Metro officials said that stations were jammed this evening. Witness reports indicated the crowds may be starting to ease, but the stations could still be chaotic. About 5 p.m. at the Metro Center stop, one police officer noticed that a grade-school child had boarded a train that was about to depart -- without his family.

"Get that child off the train!" she cried, and snatched the child before the train doors closed.

As the throngs departed, officials said the day had been record-breaking -- the crowd was estimated at nearly 2 million, making this the largest public gathering in the capital's history -- and frustrating, but overall relatively untroubled. No arrests were reported. And, though medical personnel responded to hundreds of emergencies, none was believed to involve a life-threatening problem.

About 30 children became separated from their families in the midst of the crowd.

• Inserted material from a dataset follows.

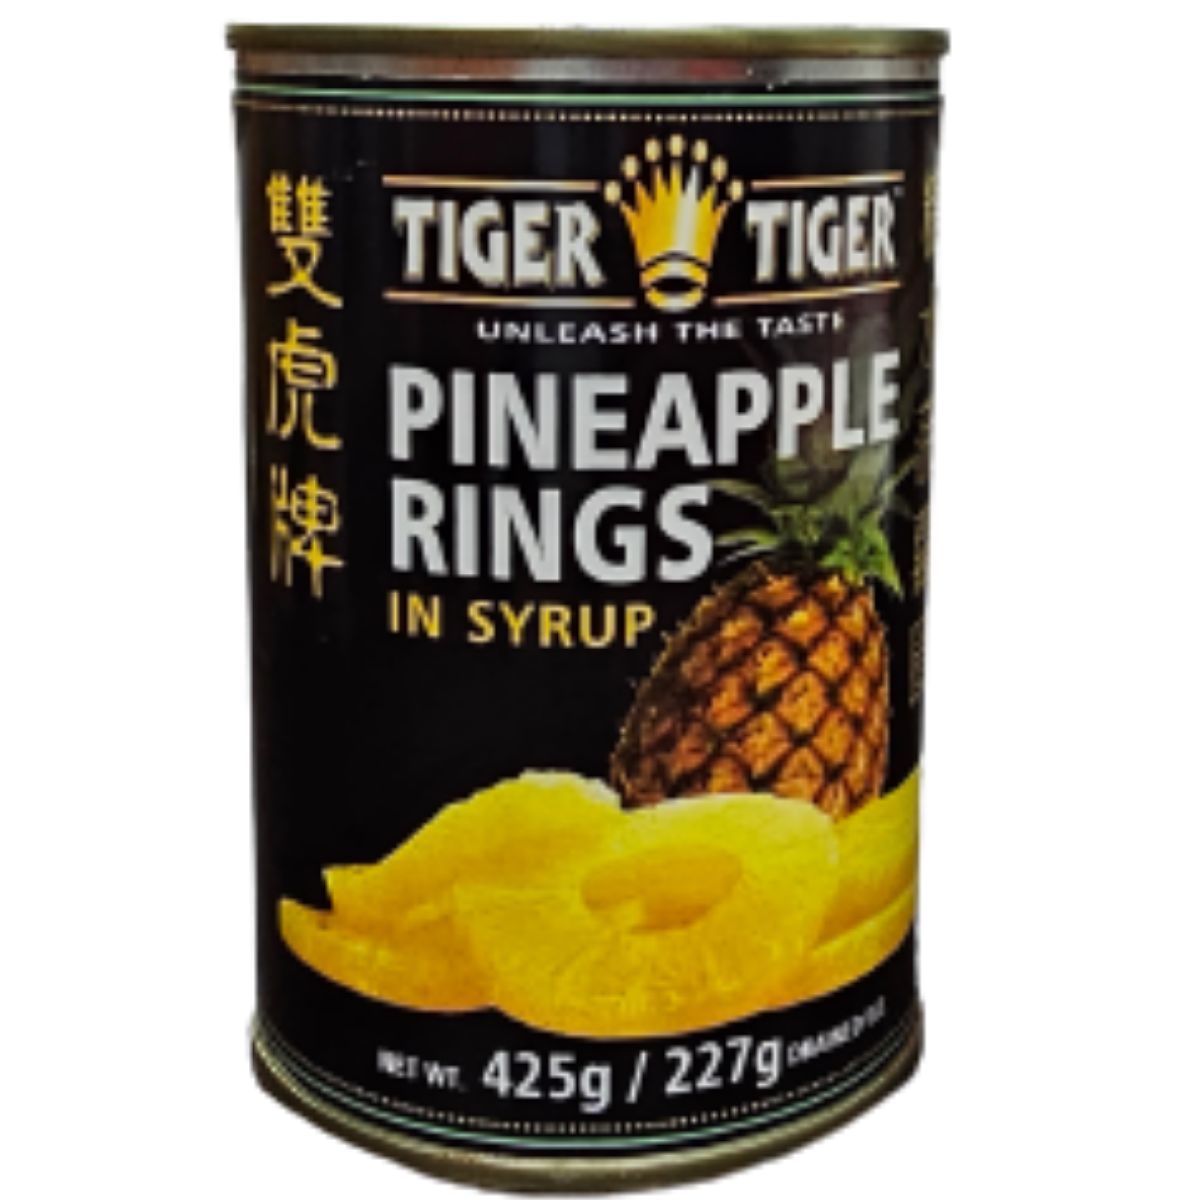 TIGER GLUTENSIZ PINEAPPLE RINGS IN SYRUP 425 G

As Obama's speech ended, Capt. Mike Odle, one of six members of the Oregon National Guard who traveled to the District, felt a tug on his camouflage jacket. Standing beside a row of porta-potties near Seventh Street on the Mall, Odle turned to find Nathan, a sixth-grader from Warren, Ohio. Choking back tears, Nathan handed the soldier a note.

"If lost, please return Nathan to RFK stadium," it read. The note included the parking space where Nathan's bus driver had parked the group's charter, and it listed a cell phone number for Nathan's teacher.

Odle and other members of the Oregon Guard carried Nathan to Medical Tent 11 -- a repository for temporarily separated family members during the crush to leave the Mall shortly after Obama spoke. Nathan and all the other children were eventually reunited with guardians.

As of 5 p.m., 873,788 passengers had used the Metro system today, a transit spokesman said. She said the number seemed guaranteed to break the all-time ridership record of 886,681, set yesterday.